When Stafford won, he issued a public thank-you to the environmental movement and posed for pictures with one arm around a leader of the Sierra Club, the other around a staffer for Friends of the Earth.
It was a heady moment for environmentalists, who in 1982 are making their first big plunge into national electoral politics.
Stafford's victory helped establish the "green vote" as a force to be reckoned with. It proved that the movement could produce money and field workers to turn out votes for its friends in the clutch. It also masked some of the obstacles environmentalists face in this election year. While national polls show dissatisfaction with the Reagan administration's environmental record, the issue appears greatly overshadowed in voters' minds by the slumping economy and other concerns.
In a recent Washington Post-ABC News poll, 66 percent of the voters rated the environment "very important" -- a relatively high score, but well behind such issues as the threat of war (89 percent), unemployment (87), inflation (86), tax equity (86), crime (84) and protecting Social Security (81).

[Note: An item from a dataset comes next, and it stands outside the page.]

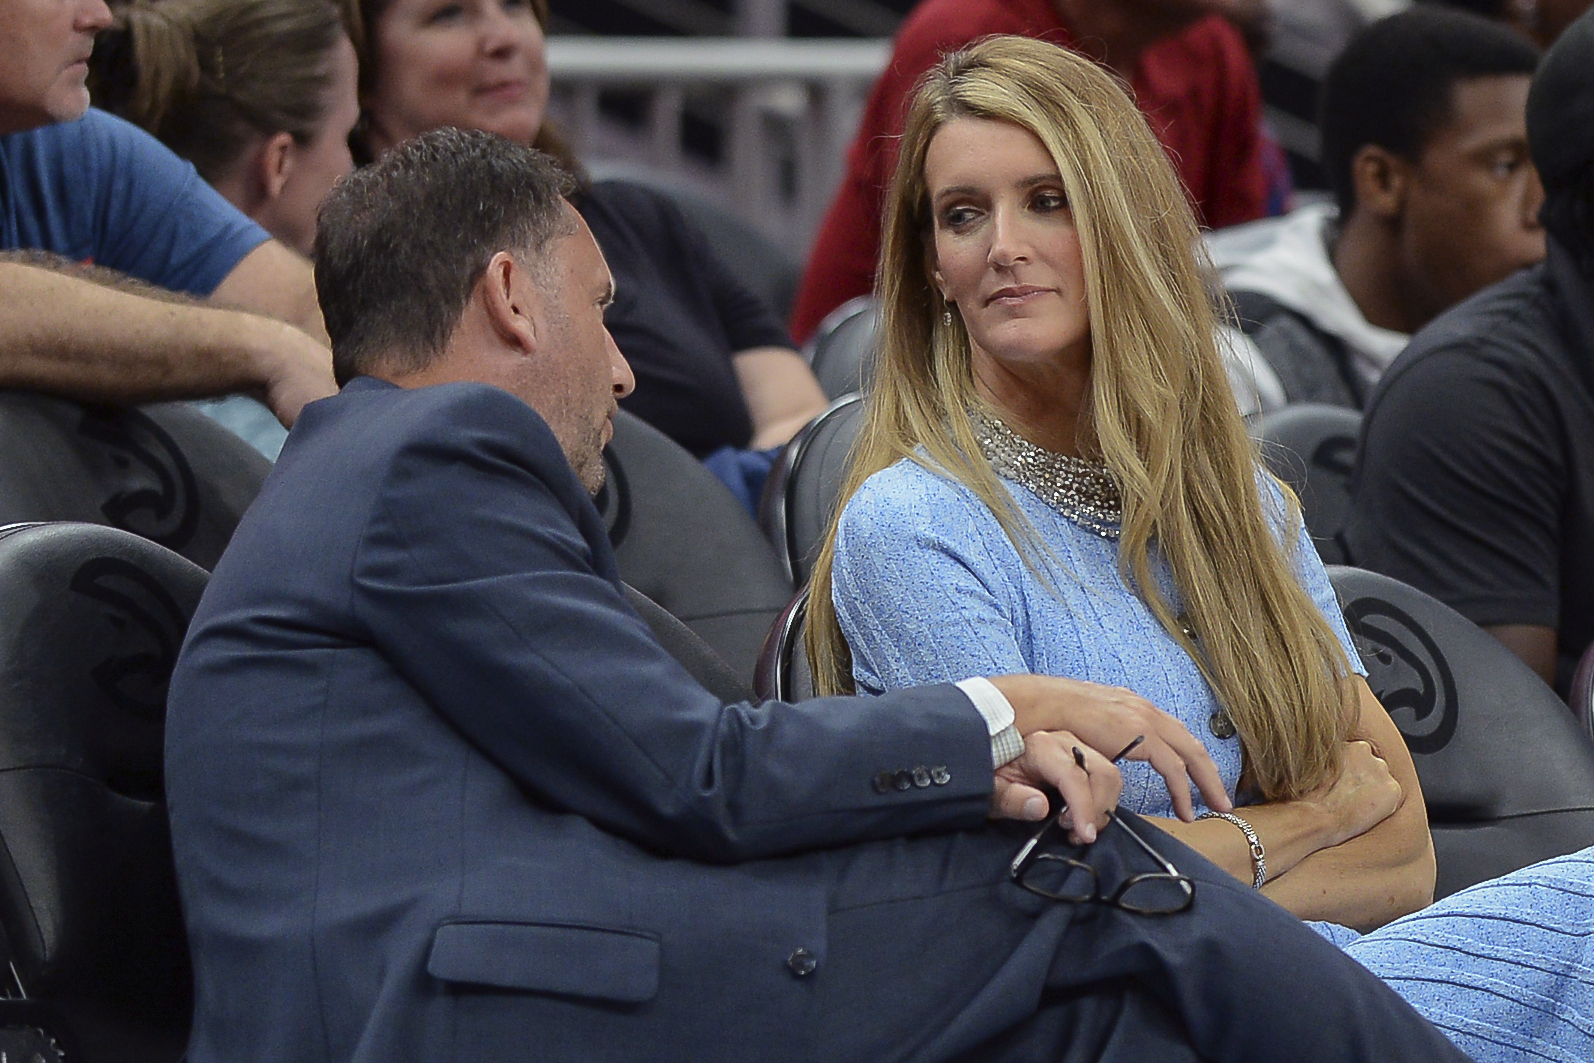 PHOTO: Kelly Loeffler, right, talks with Atlanta Dream General Manager Chris Sienko, left, during the WNBA game between the Las Vegas Aces and the Atlanta Dream on Sept. 5th, 2019, in Atlanta, Ga.

However, this has done little to discourage environmental activists, who have flooded into selected campaigns across the country, providing volunteers and money for the gritty but essential grass-roots tasks of canvassing precincts, stuffing envelopes and getting voters to the polls. The movement now has five national political action committees compared to 1980 when only one, the League of Conservation Voters, took part in a congressional campaign. Together, they have endorsed more than 150 House and Senate candidates, raised about $1.7 million and mobilized thousands of volunteers.
"After the 1980 election, we were faced with a Congress that was unlobbyable. We had to change the players to get the kind of legislation we need and that every poll shows the people want," said Bob Chlopak of the new Friends of the Earth PAC.
Partly because of their sheer numbers in the field, environmentalists have wedged their issue into campaign debates across the country. When they endorsed Democratic Sen. George J. Mitchell of Maine for reelection, his challenger, Rep. David F. Emery responded by claiming than he had done more than the incumbent to fight acid rain.
In Florida, the debate turns on clean water and beach development. In the Rocky Mountains, it is the Reagan administration proposal to sell public lands. On the West coast, it is Interior Secretary James G. Watt's accelerated offshore drilling plan.
The groups have taken up some of the tactics used by the New Right in 1980, such as direct-mail fund-raising letters that capitalize on the negative image of their opponents. Putting Watt's name in a mailing works as well for environmentalists as Sen. Edward M. Kennedy's (D-Mass.) does for the New Right, according to several direct mail consultants.
The Sierra Club has computerized the 1.1 million names from its 1981 petition drive seeking Watt's ouster, supplying them to candidates endorsed by the club's PAC. Rep. Les AuCoin (D-Ore.) raised $6,000 in his first mailing using the list, and plans a second.
The groups have spent most of their time and money on behalf of environmentalists in Congress who face serious threats in 1982. Stafford became a high priority as chairman of the Senate Environment and Public Works Committee.
A similar rescue mission has been mounted for Rep. Phillip Burton (D-Calif.), a longtime leader of legislative battles for clean air, clean water, park and wilderness protection. Last weekend, an estimated 150 environmentalists walked door to door for Burton, who faces liberal Republican state legislator Milton Marks.
Like their counterparts in the New Right, the PACs have also compiled an unofficial "hit list," targeting congressmen who scored lowest on an environmental voting index compiled by the League of Conservation Voters. For example, the league has mounted a special campaign to aid the opponents of seven Republicans on the House Interior Committee who, a league mailing claims, "act just like clones of James Watt."
But in conservative Utah, environmentalists are keeping their heads low, mainly working phone banks, as they and several Democratic groups pool resources in a longshot bid to unseat Republican Sen. Orrin G. Hatch. In this part of the country, many view the environmental movement as a threat to jobs.
Although the environmental PACs portray themselves as nonpartisan, their favored candidates are virtually all Democrats. Stafford is one of the few exceptions, along with Sen. John H. Chafee and Rep. Claudine Schneider, both of Rhode Island, and a handful of others.
Even that has created some internal strains. Vermont environmentalists are bucking the national organizations to support Stafford's Democratic challenger, who they claim has even stronger credentials.
Polls show that voters across the country believe Democrats do a better job than Republicans in protecting the environment. No other issue is so clearly "owned" by Democrats except job opportunities for women, according to a Democratic National Committee strategist.
Republican Party operatives say they do not view this as a threat. "Everyone is for the environment, but is that the issue that is going to get people to the polls? Our surveys show the answer is no," said Vince Breglio, pollster for the Republican Senatorial Campaign Committee.
One Democratic strategist concurs. "Frankly, if somebody gave me a million dollars for advertising, I wouldn't spend it on the environment. I'd spend it all on Social Security. We're counting on environmentalists in the field to make it a voting issue."